Exercise: Line by line, the data below should be set down unchanged, with images excluded.

Information provided:
==========

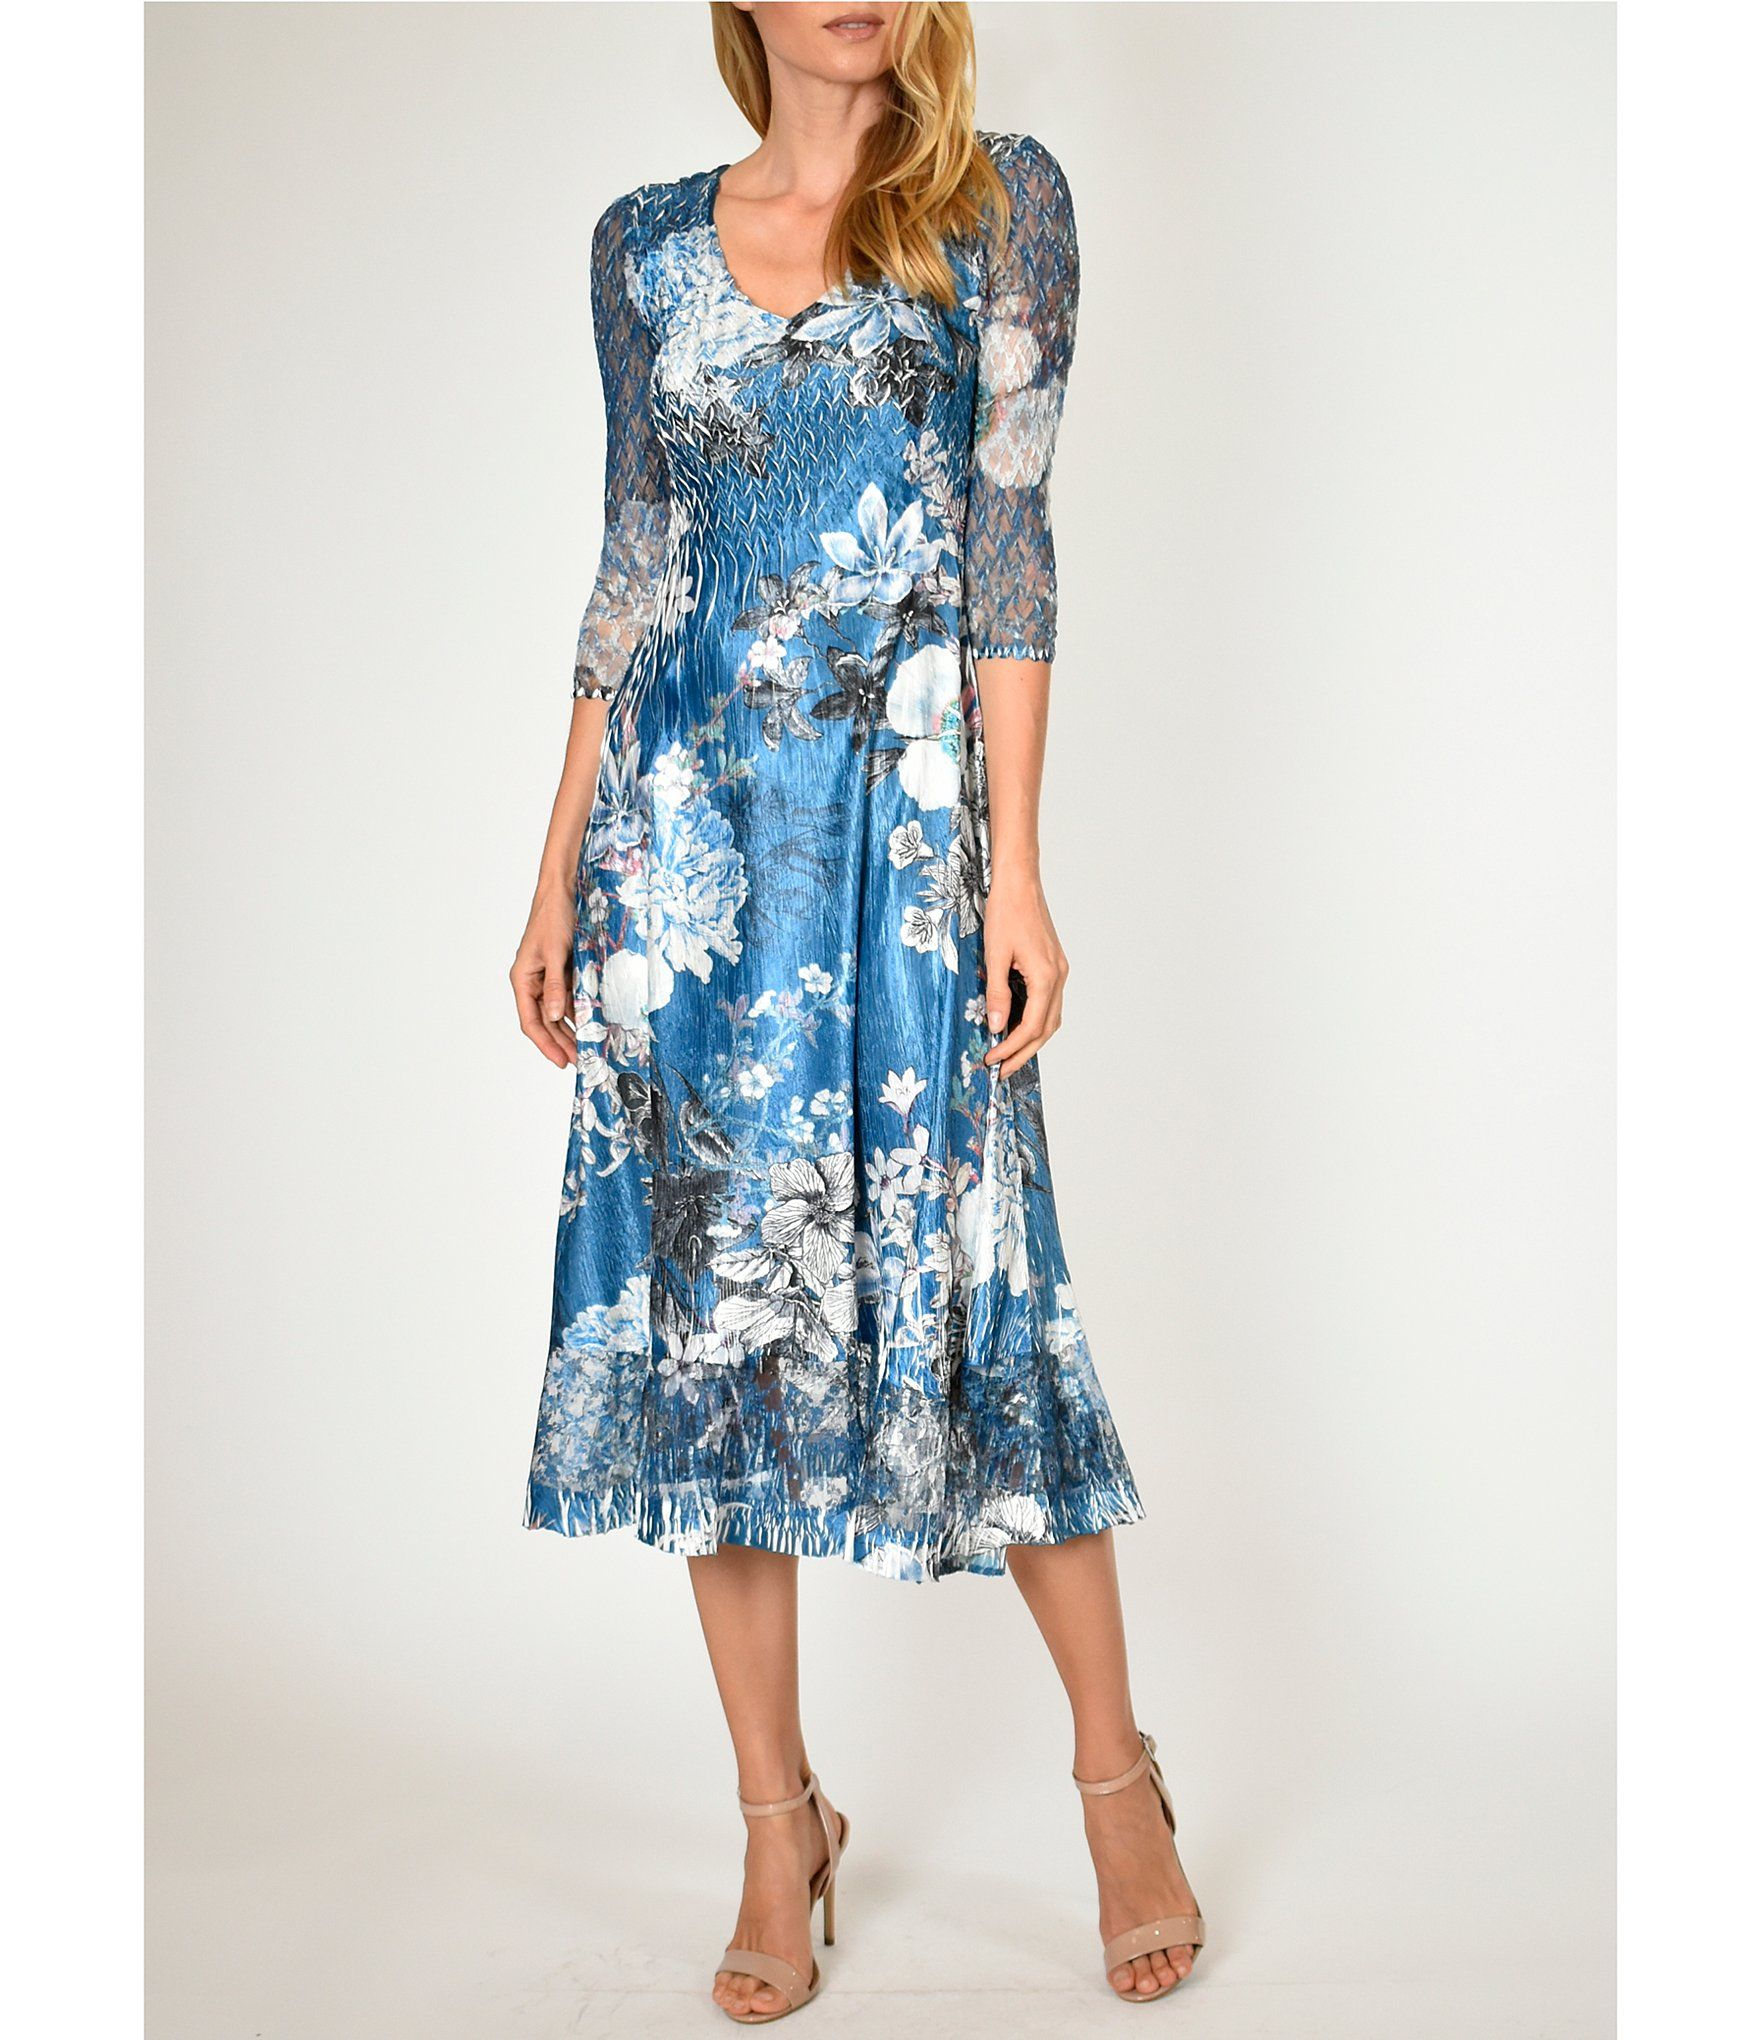 Komarov Bouquet Floral V Neck 3 4 Sheer Sleeve Midi Dress Dillard S Midi Dress With Sleeves Womens Midi Dresses Fashion Clothes Women [ 2040 x 1760 Pixel ]
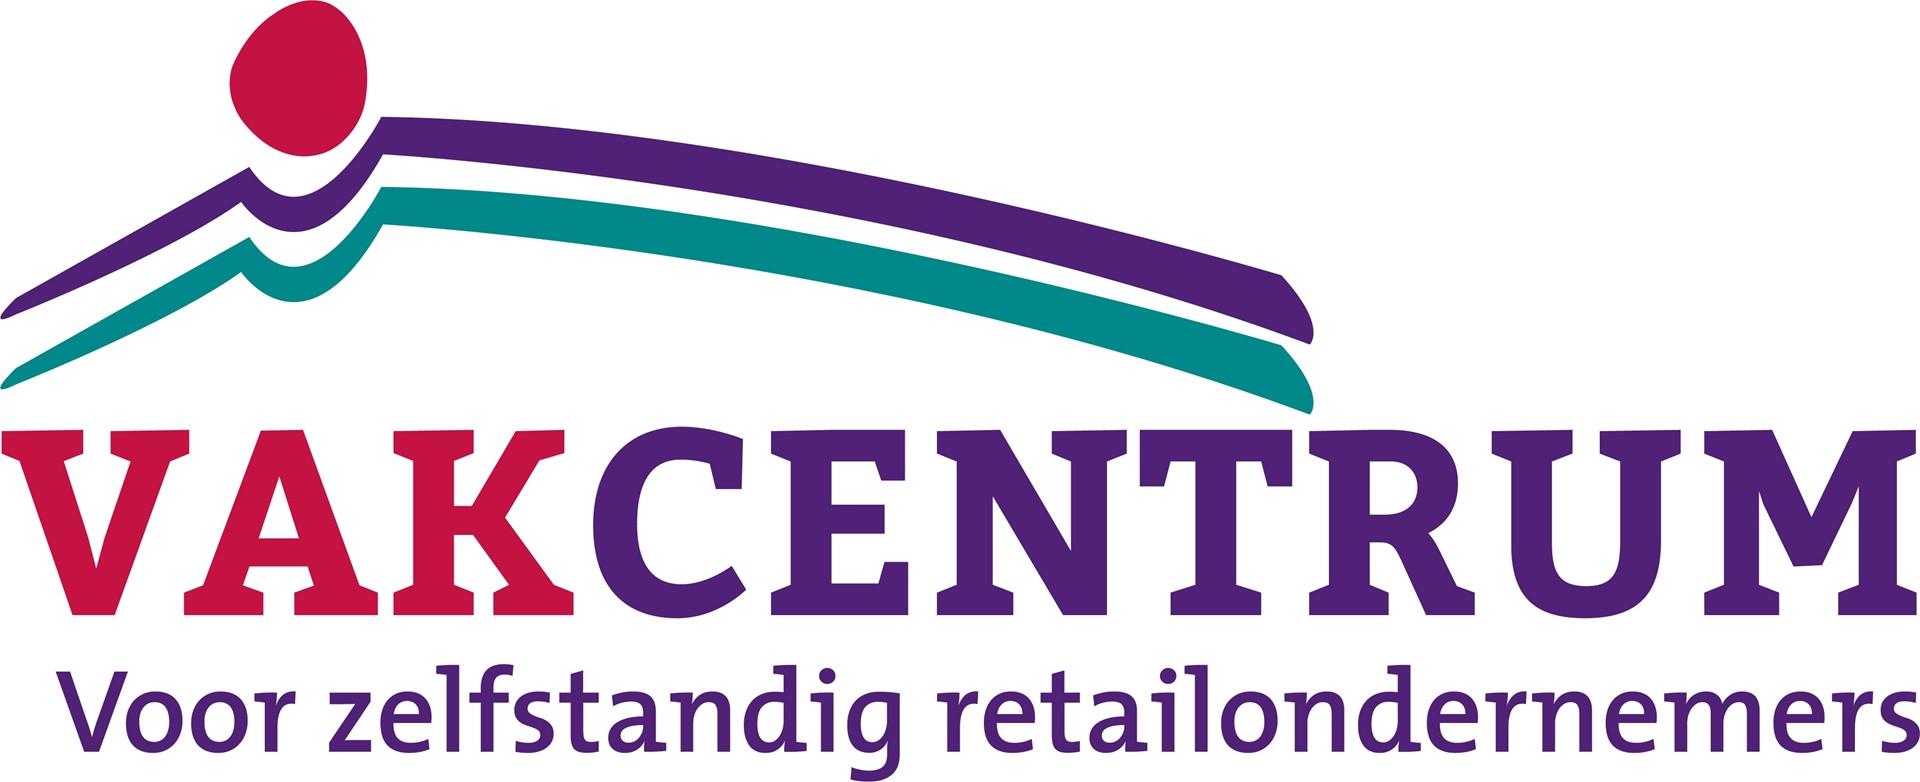 Vakcentrum logo.jpg
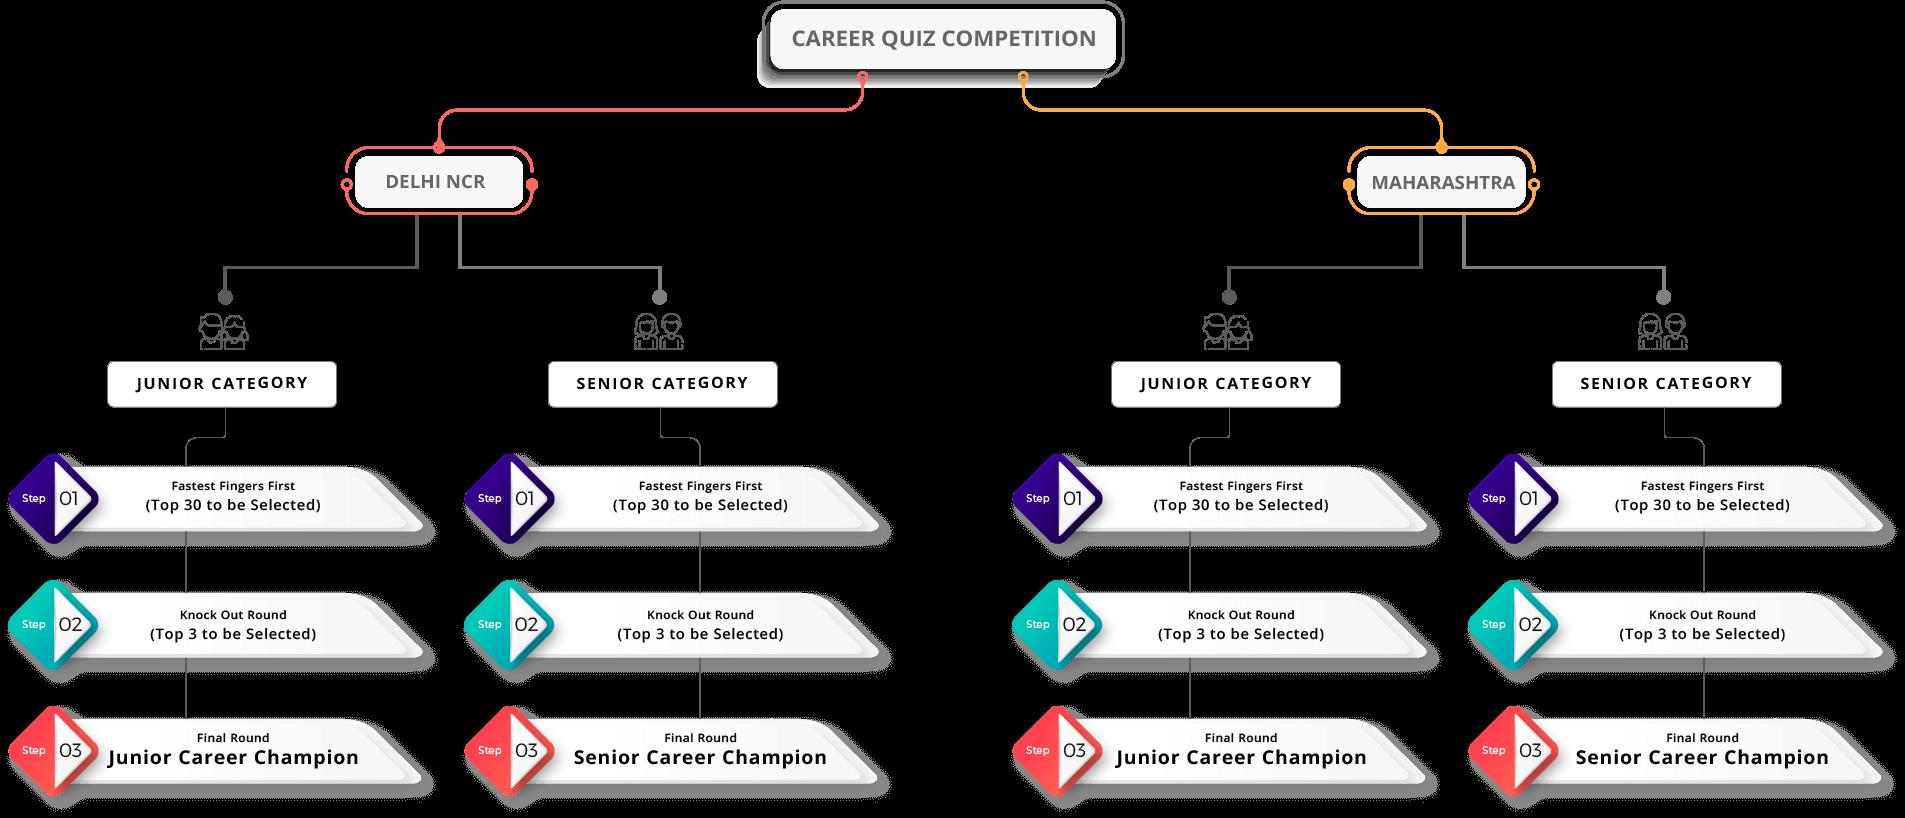 Career Quiz Competition
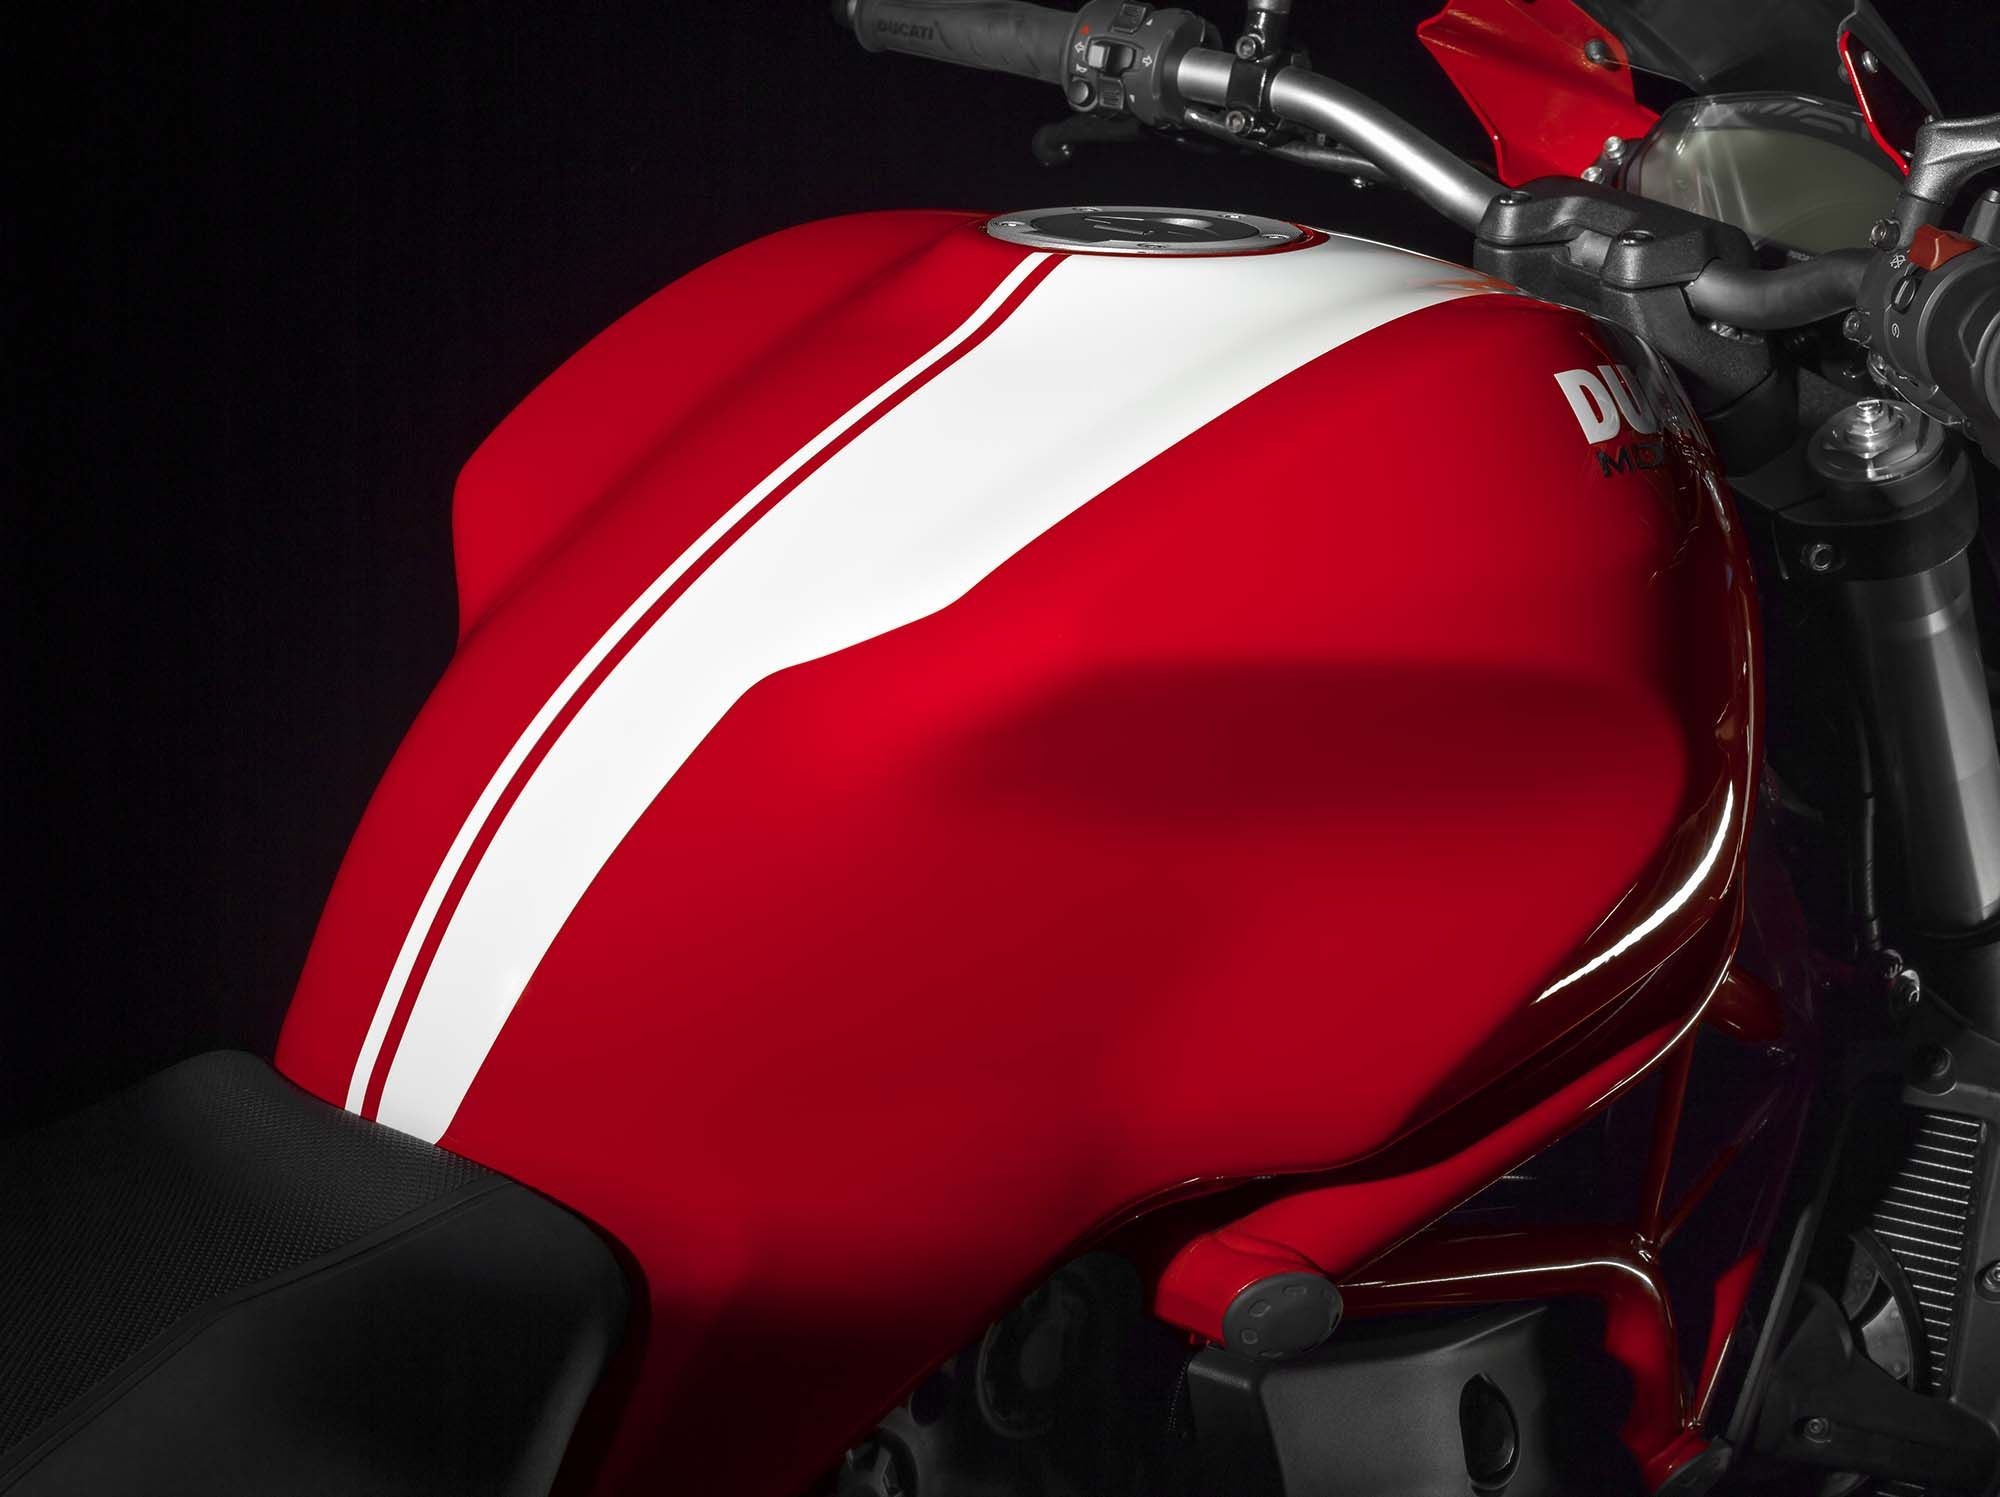 DucatiMonsterStripeEICMAjpg Ducati - Vinyl stripes for motorcyclespopular motorcycle tank stripesbuy cheap motorcycle tank stripes

==========

Response area:
 Komarov Bouquet Floral V Neck 3 4 Sheer Sleeve Midi Dress Dillard S Midi Dress With Sleeves Womens Midi Dresses Fashion Clothes Women [ 2040 x 1760 Pixel ]
 Vakcentrum logo.jpg
 Career Quiz Competition
 DucatiMonsterStripeEICMAjpg Ducati - Vinyl stripes for motorcyclespopular motorcycle tank stripesbuy cheap motorcycle tank stripes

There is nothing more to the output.